What Are African Elephant Tusks?

The tusks of elephants are elongated incisor teeth and are made of Ivory. One third of an elephant’s tusk is hidden from view and is embedded deep in the elephant’s head. This part of the elephant’s tusks is a pulp cavity made up of nerves, tissues, and blood whereas the visible part of the elephant tusk is made up of dentine with an outer layer of enamel.

Are Tusks Found On Both Male And Female African Elephants?

For African elephants, tusks can be found on both males and females compared to Asian elephants where tusks are mainly seen only on males. About half of Asian female elephants have short tusks known as tushes. However, looking at an elephant’s tusk, the average size of tusks has decreases over the past hundred years due to the poaching of elephants for their ivory tusks. This has caused the African elephant’s “big tusk gene” to evolve and become progressively rare. Additionally, hunting of African elephants has resulted in “tusklessness” to become increasingly common among African elephants.

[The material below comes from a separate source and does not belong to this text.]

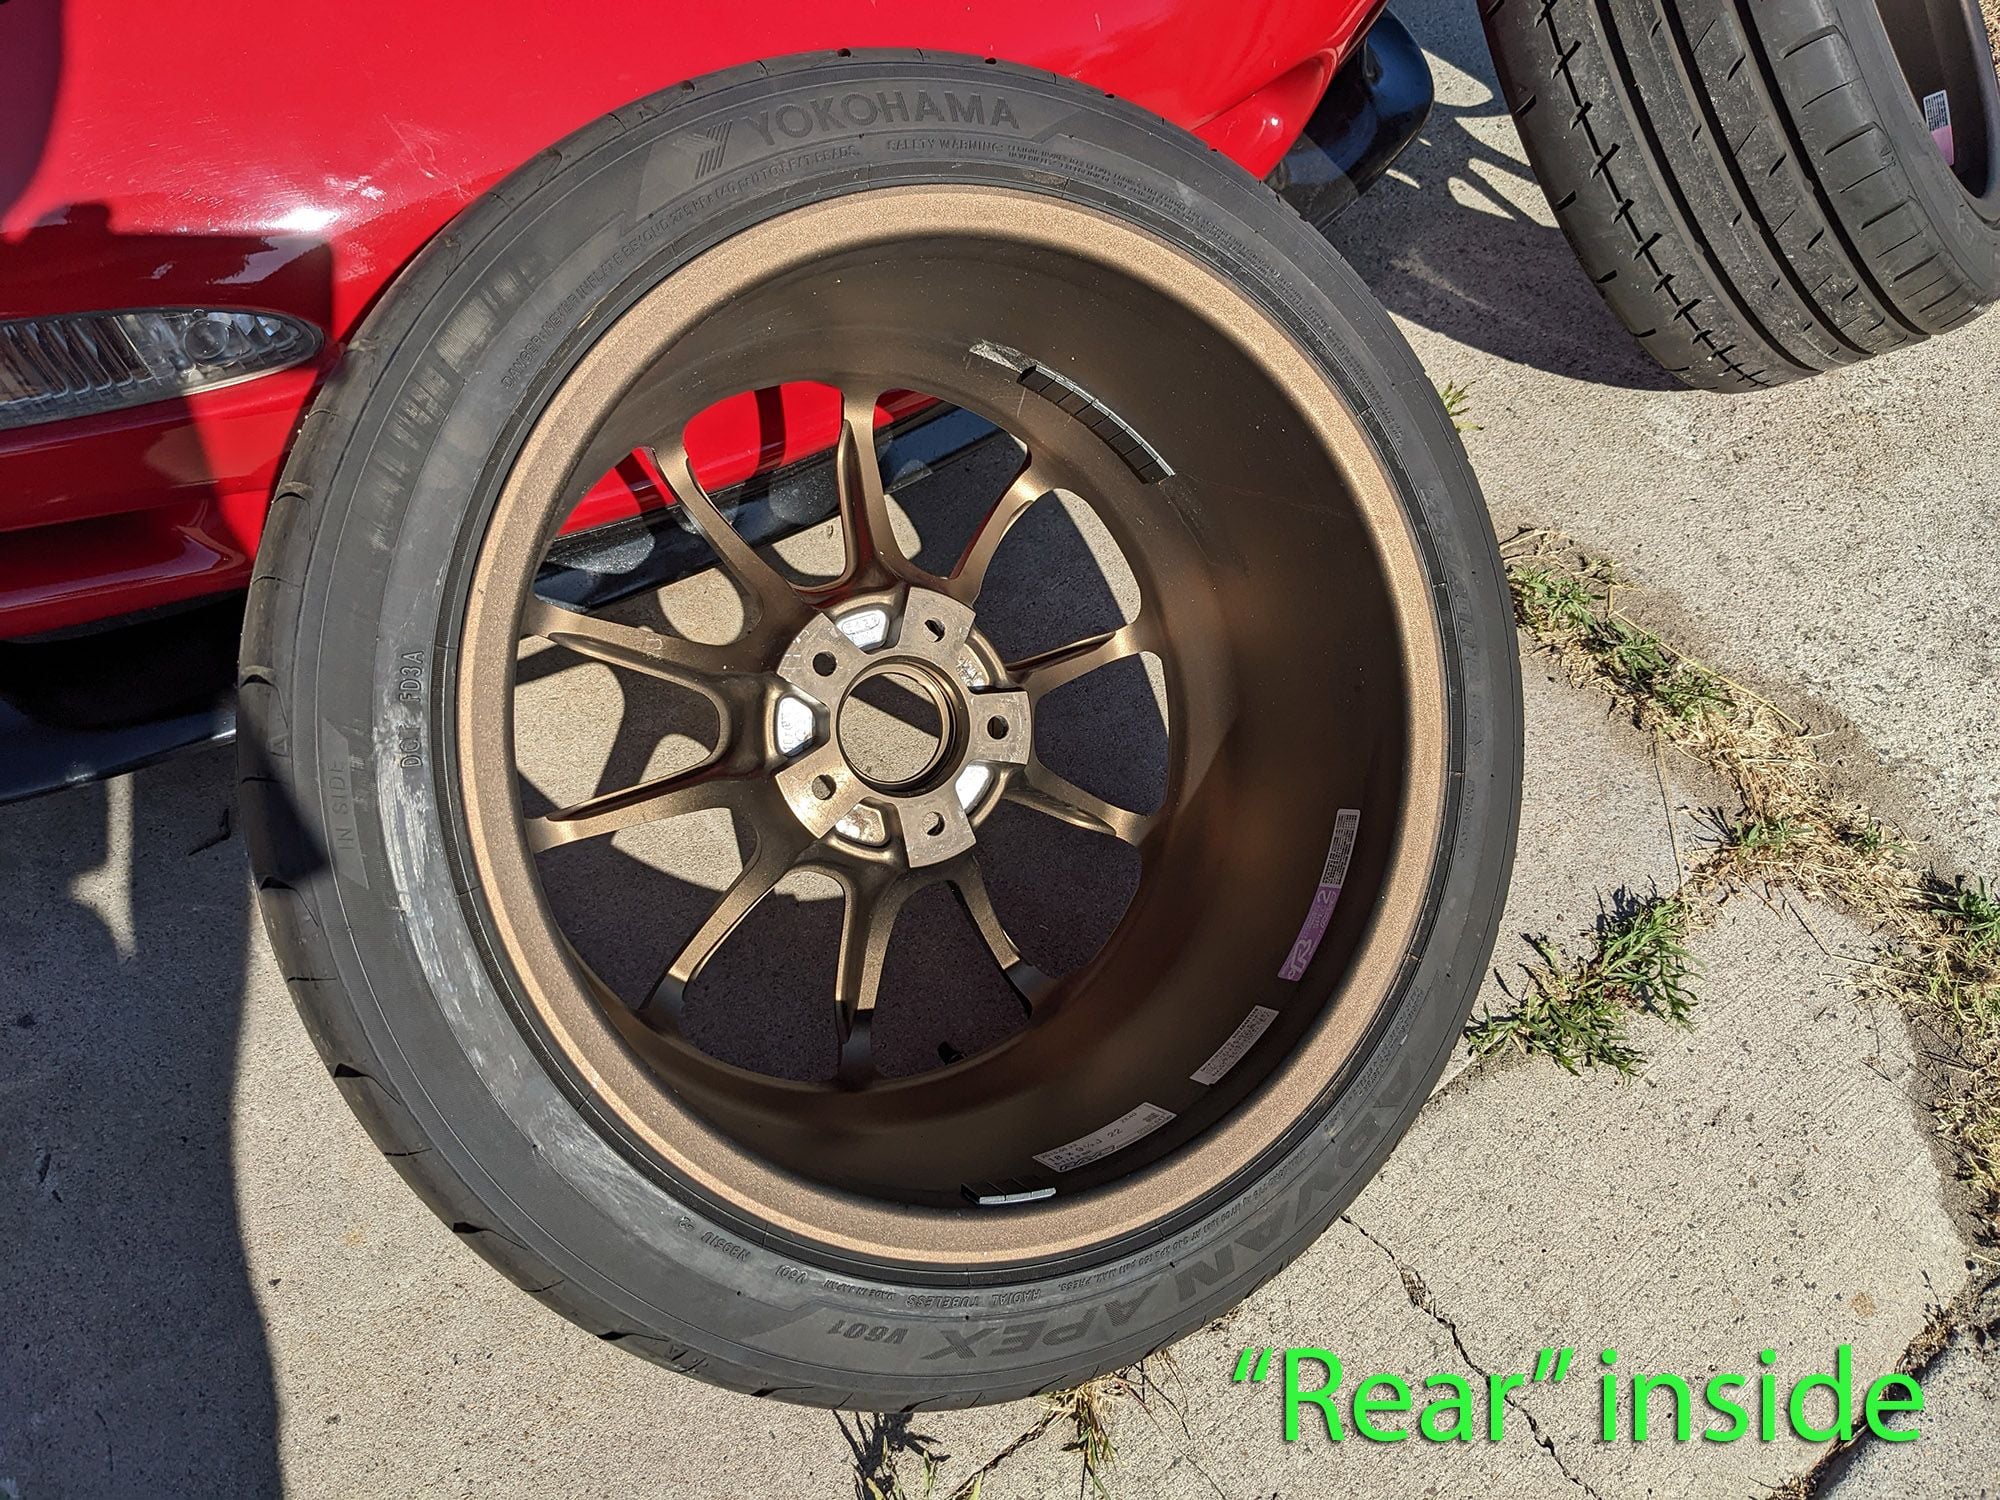 Wheels and Tires/Axles - Volk ZE40 18x9.5 +22 5x114.3 Bronze Rims and Tires - Used - All Years Any Make All Models - San Diego, CA 92111, United States

At What Age Do Elephants Grow Tusks?

Elephant tusks are present at birth but are only milk teeth and eventually the “baby tusks” fall out after one year of age. The permanent tusks of African elephants first start to appear at around two years of age by protruding from the lips and will continue to grow throughout the elephant’s lifetime. As long as an elephant’s tusks has not been broken or damaged, it can reveal an elephant age relative to other elephants.

What Do Elephants Use Their Tusks For?

The tusks on elephants can be used for many purposes. African elephant tusks are mainly used for protection, digging, lifting objects, and gathering food. African elephants will use their tusks as a defense mechanism against other wildlife predators or when another elephant charges toward them. During the dry season elephants will use their tusks to dig water holes in dry riverbeds to get water. To help gather food, elephants will use their tusks to strip bark from trees to eat. Also, elephant tusks are used to protect their sensitive trunk. Interestingly, just like humans tend to be right-hand or left-hand dominate, there is evidence to believe elephants tend to be right-tusked or left-tusked with the dominate tusk being known as the master tusk.